What you will do: Restate word for word every line from the one containing "Rounds, Full cut brilliants." to the last line of the records below.

Data records:
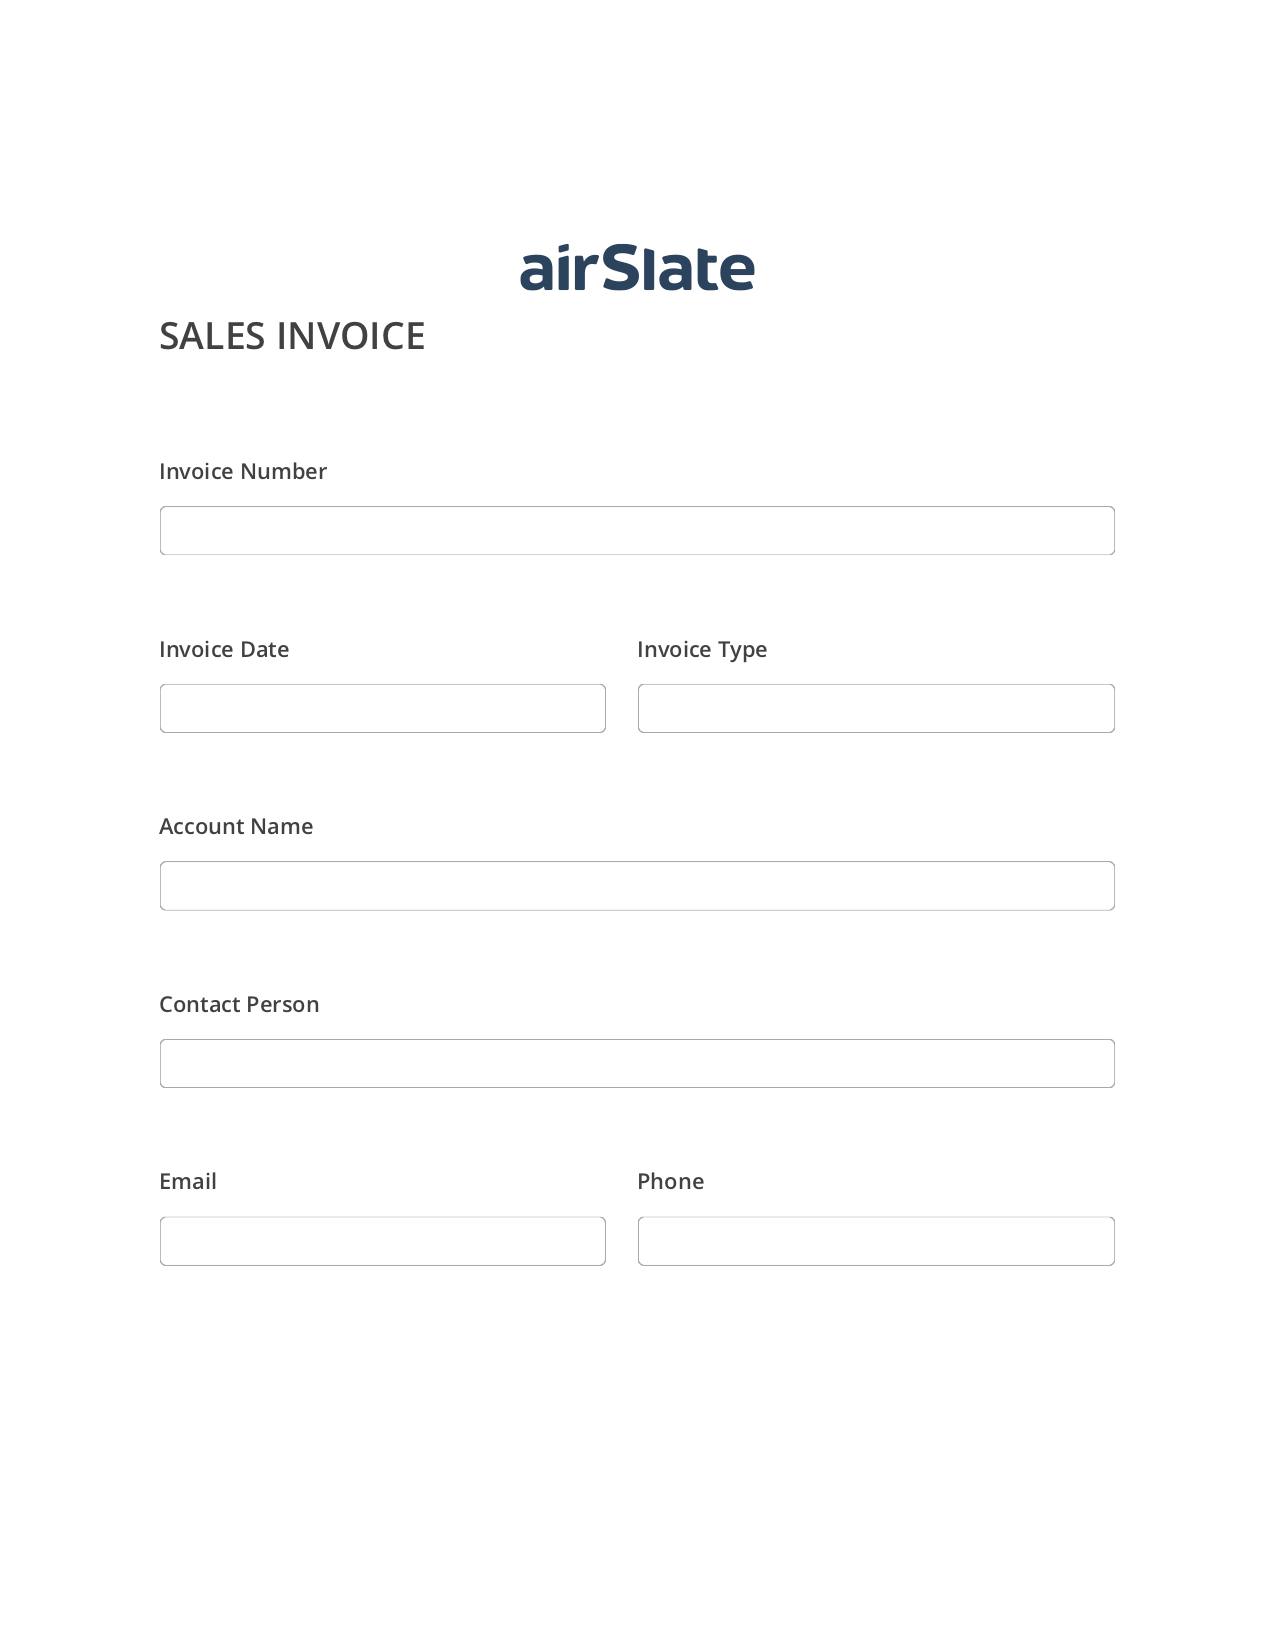 Sales Invoice Workflow Pre-fill from another Slate Bot, Custom Field's Value Bot, Archive to Dropbox Bot
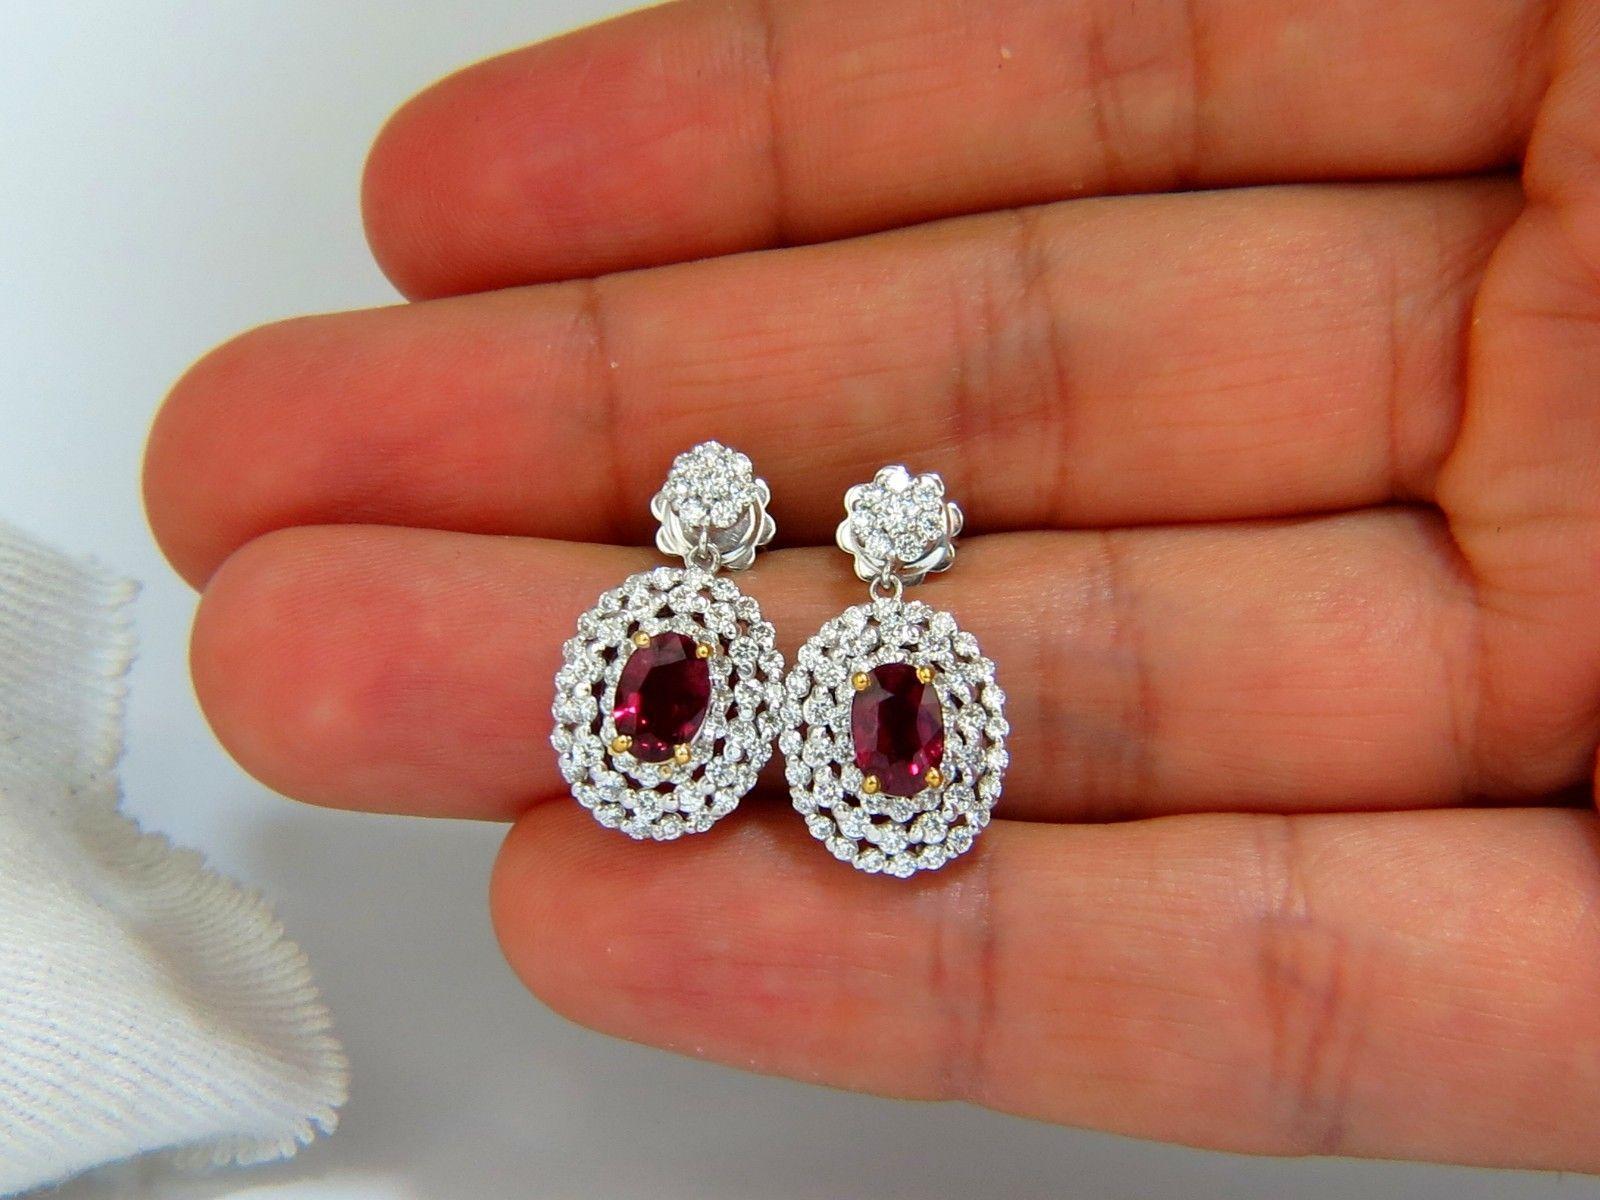 Ruby dangle cluster earrings.

1.86ct natural oval red rubies 

Clean Clarity & Transparent

6.8 X 4.9mm each

1.60ct. Natural diamonds  

Rounds, Full cut brilliants.

G- color Vs-2 Clarity. 

Secure push backs

Excellent detail.

14kt. white

Task output:
Rounds, Full cut brilliants.

G- color Vs-2 Clarity. 

Secure push backs

Excellent detail.

14kt. white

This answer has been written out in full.